Study first author and UNSW Business School Senior Lecturer, Dr Elise Payzan-LeNestour, said “our findings point to a complementary root cause, namely an adaptation to chronically high levels of risk and possible ‘risk blindness’.” 

She says in economics, decision-making requires an accurate representation of risk with the focus more on the choice of whether to accept a risky investment rather than the assessment of risk, or ‘perception’.

However, humans often perceive their physical environment incorrectly. The most striking of such misrepresentations is known as a sensory after-effect.

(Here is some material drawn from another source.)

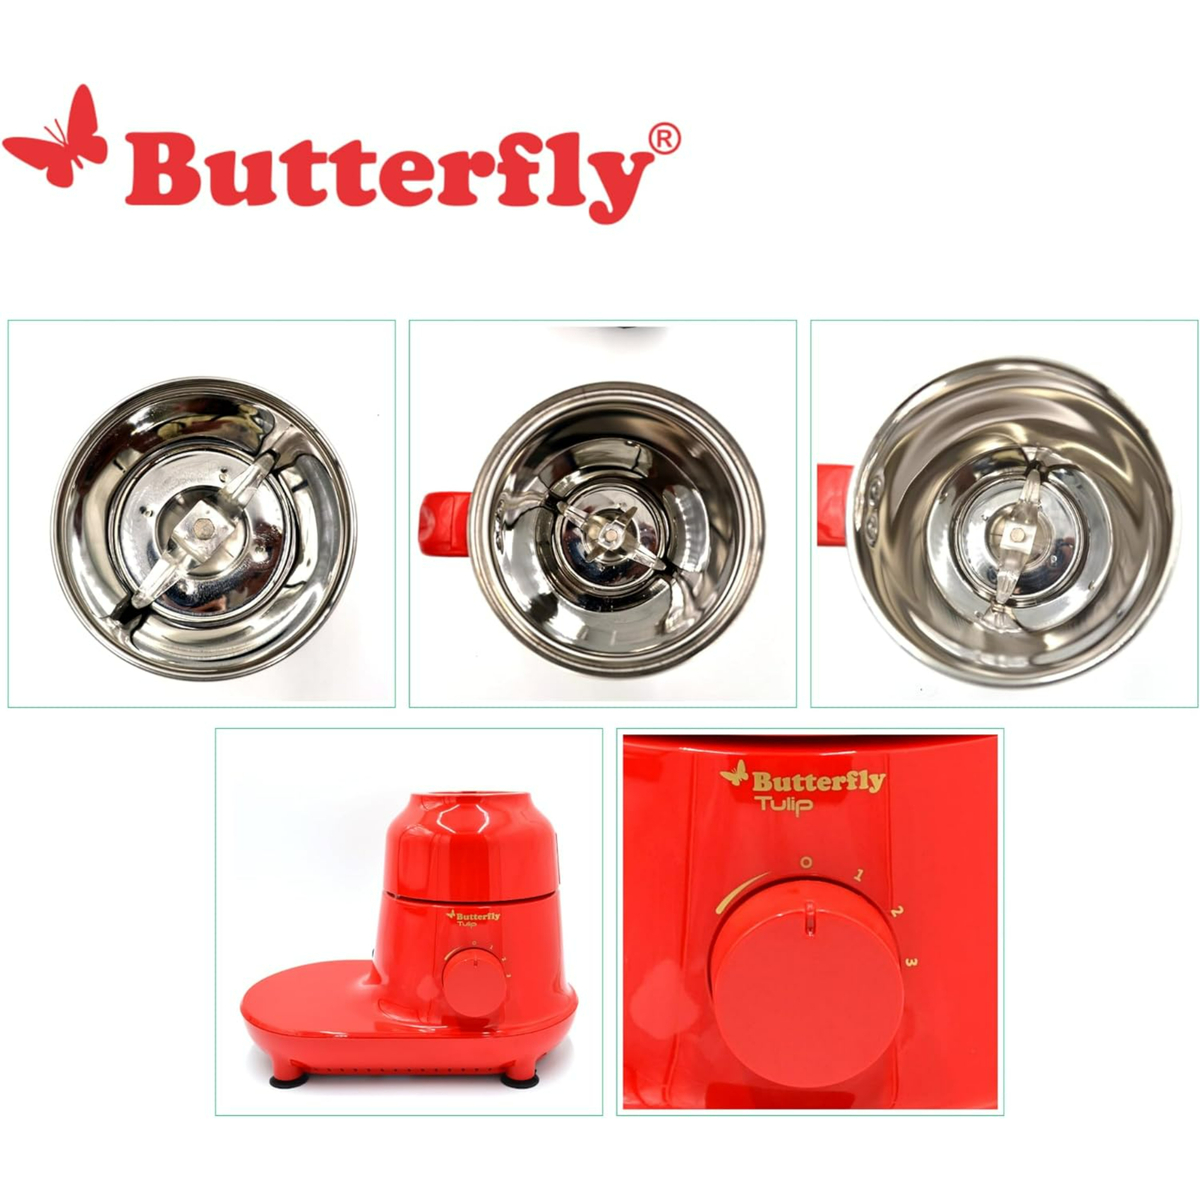 Butterfly Tulip Mixer Grinder, 600 W

For instance, after viewing the downward motion of a waterfall, it can appear the rocks to the side of the waterfall are moving upwards when in reality they are static.​ 

Researchers decided to investigate whether they distort how humans perceive variance in financial markets. To measure this, the researchers devised several techniques to control the nature and degree of variance across different visual representations.

An earlier study by Dr Payzan-LeNestour and colleagues found such after-effects are evident in investors’ perception of S&P 500 volatility and cause significant distortions of S&P 500 options prices.

Dr Payzan-LeNestour will discuss how humans are hardwired to repeatedly gamble and how greediness is inherent in the way our brain works at the 7th annual TEDx Sydney event​ will be held at Sydney Opera House on Wednesday 25th May 2016.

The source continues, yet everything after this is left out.